Зоркая душа у Агалапеи, почувствовала и это, понял Дедыш и вздохнул, на него навалилось что-то тягостное, и во рту пересохло. Но он осилил слабость и начал говорить с прежней мягкостью в голосе и с какой-то тягучестью, которая, впрочем, не раздражала, наапротив, заставляла внимательней прислушиваться, а то вдруг отыскать чудное за словом и млеть от этого и думать, что лишь ты разгадал, что скрывается за тем словом Дедыша.

Старец говорил про то, что у людей стало мало терпения, и они не умеют выслушать ближнего и не хотят знать про душу человеческую, что одна и вправе подыматься над сущим и уж оттуда, с необозримой высоты, наблюдать себя во плоти и дивиться, и отторгаться от своего деяния и искать в миру благостное, к добру склоненное.

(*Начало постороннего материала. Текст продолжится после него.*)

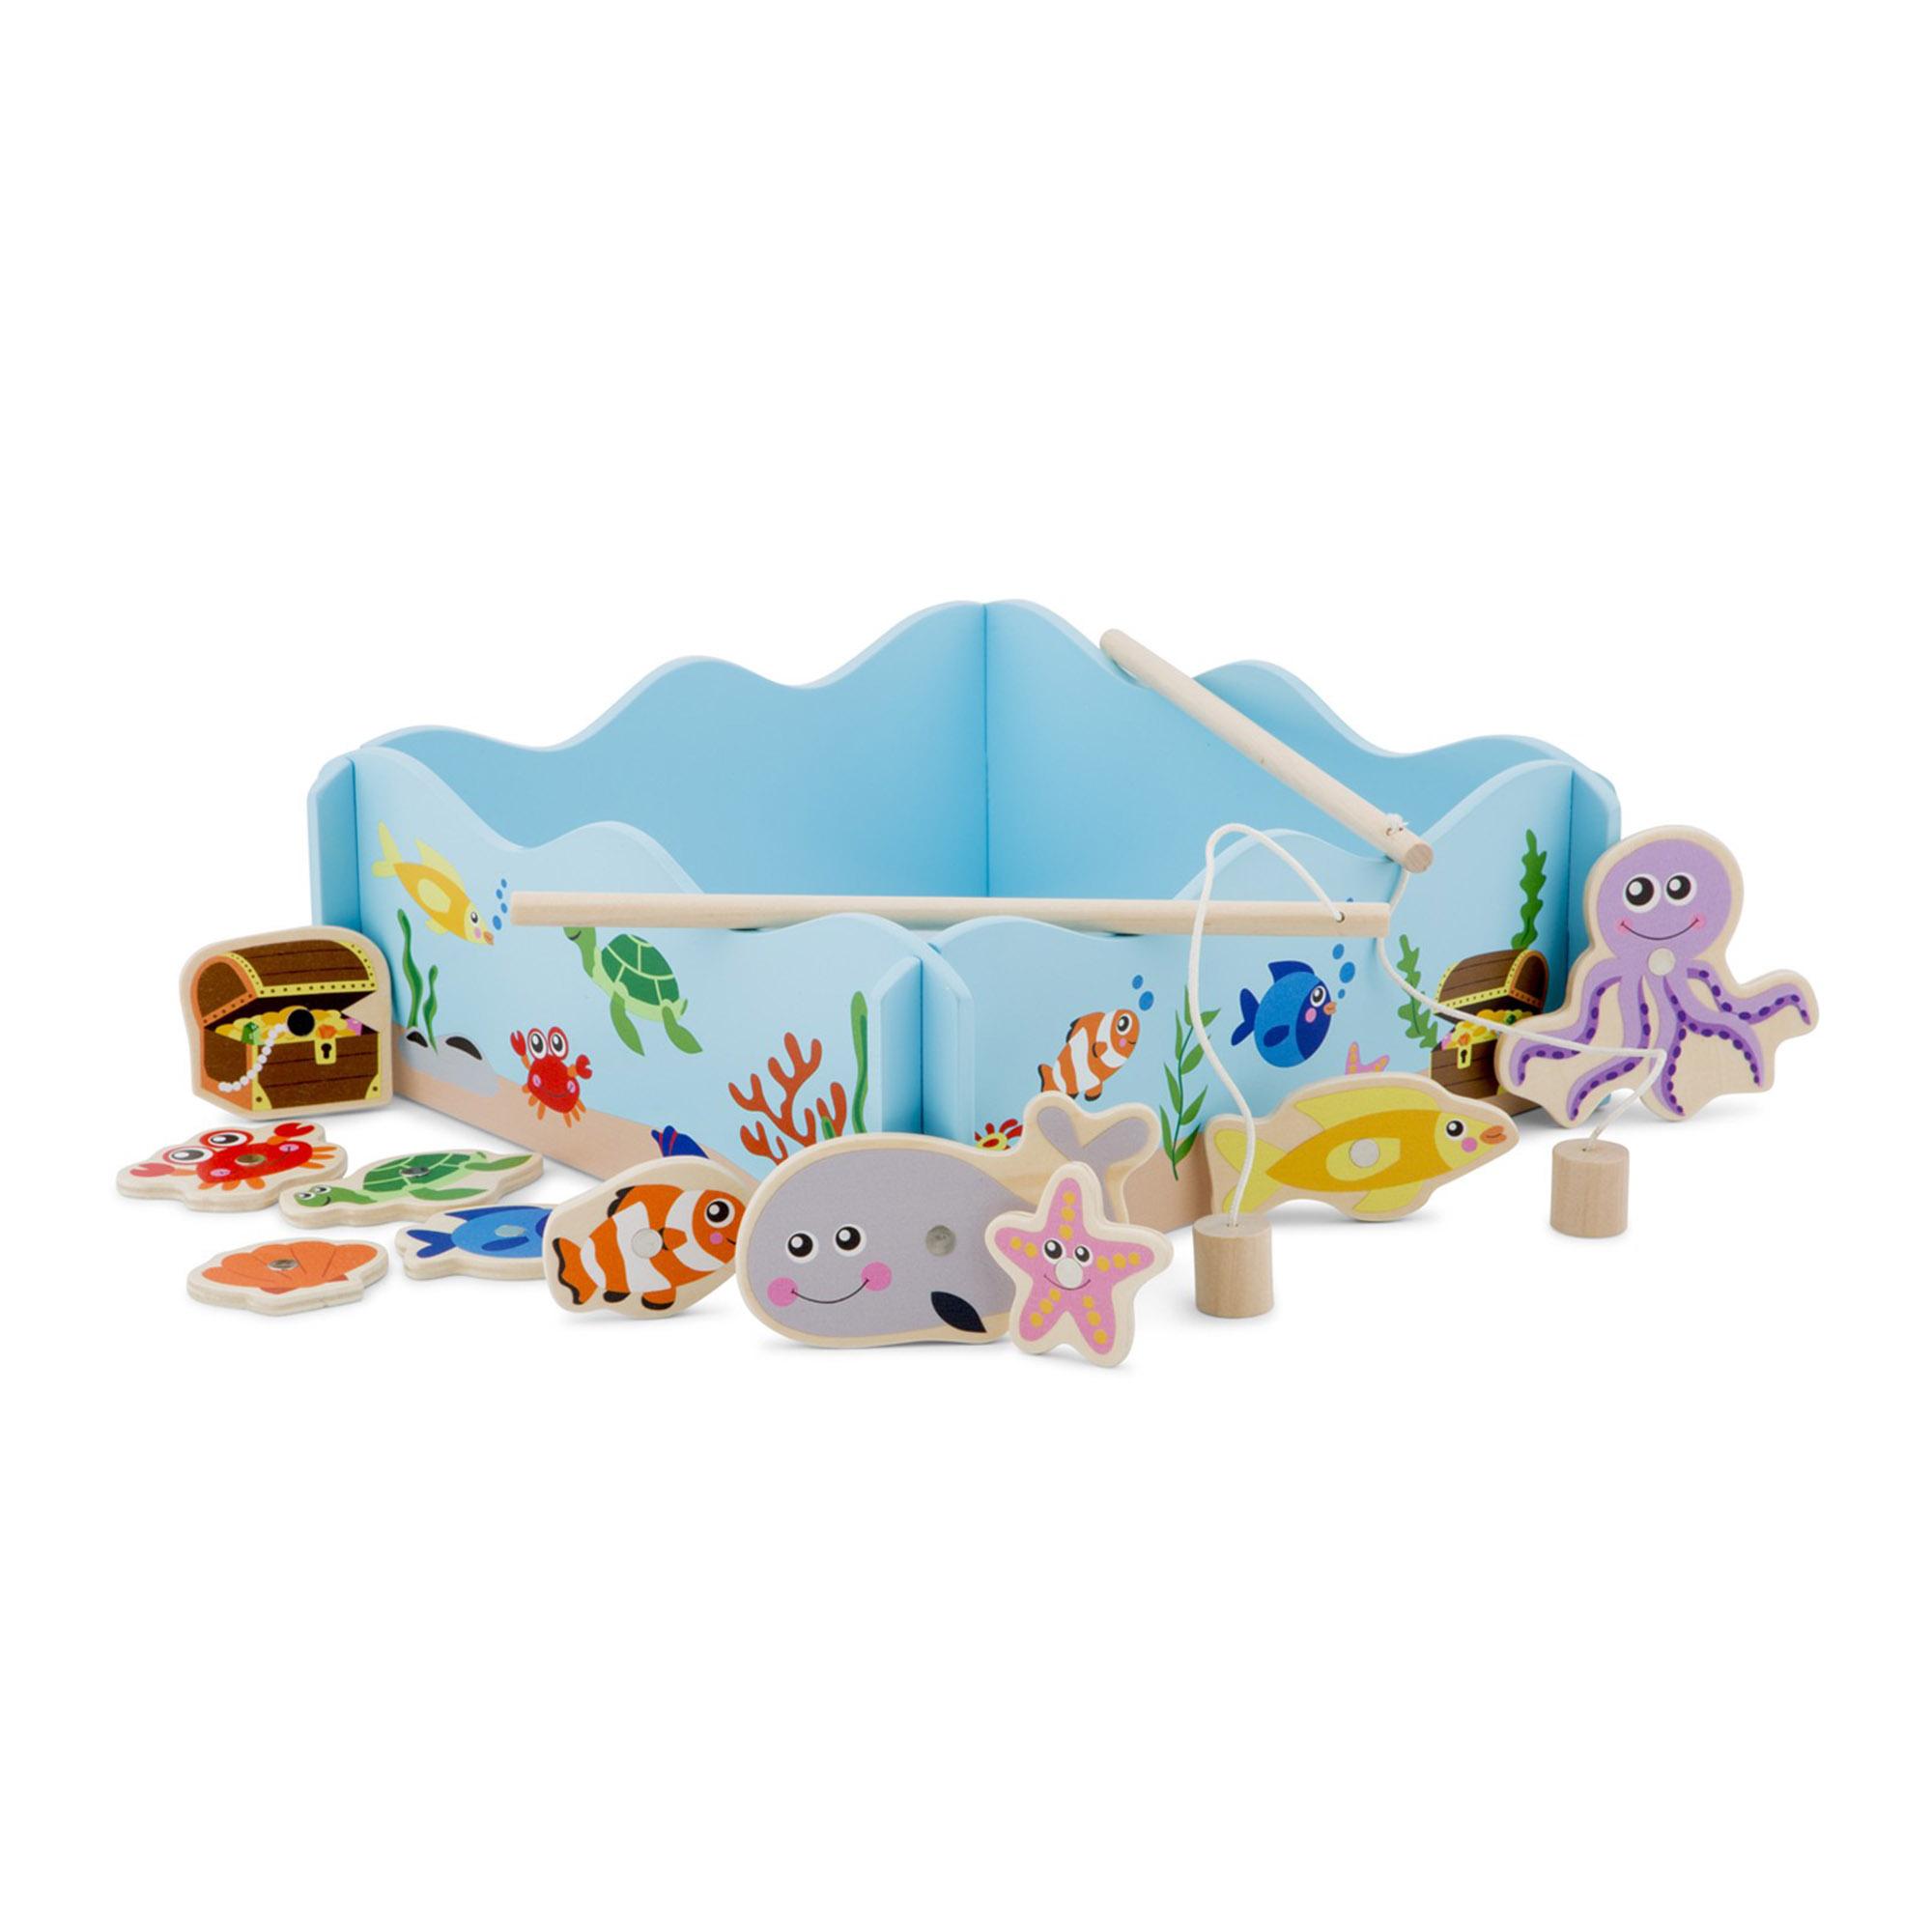 Игровой набор New Classic Toys Рыбалка

— А то сказывают, вот де зло вершится на Руси нынче не просто так, от неустройства на сердце, а во имя добра. Ой ли?.. Иль уж не помнят люди, что к добру не придешь, сея зло, потому как одно зло рождает другое, и пуще всего видимо со стороны и обворожительно для слабого ума. Добро не рядится в пестрые одежды.

Дедыш говорил трудно, в лице у него наблюдалось напряжение. Агалапея хотела бы попросить, чтобы он замолчал, но что-то мешало ей, что-то видимое в глазах у Дедыша, большое и сильное, и нельзя было поломать сердечное, однажды выплеснувшееся.

«Да что же это, Господи?..» — мысленно спрашивала Агалапея и все смотрела на старца, смотрела, а потом неожиданно для него, да и для себя тоже, заплакала по-бабьи обильными солеными слезами. Она уж не помнила, когда в последний раз плакала, глаза у нее в любую пору были сухие и как бы застывшие в ожидании еще большей беды, что падет на землю, уже и теперь горькую и обездоленную. Агалапея испугалась, а что как старец уйдет из жизни, что тогда?.. Иль не оскудеет и вовсе отчая земля, истаптываемая недоброту сеющими людьми, понимаемая ими как мачеха, а для тех, кто родился на ней в горькую годину, уже и теперь чужая?..

— Господи, спаси его и помилуй!.. — шептала Агалапея. — Пускай он, как и раньше, не поддается годам. Укрепи так!..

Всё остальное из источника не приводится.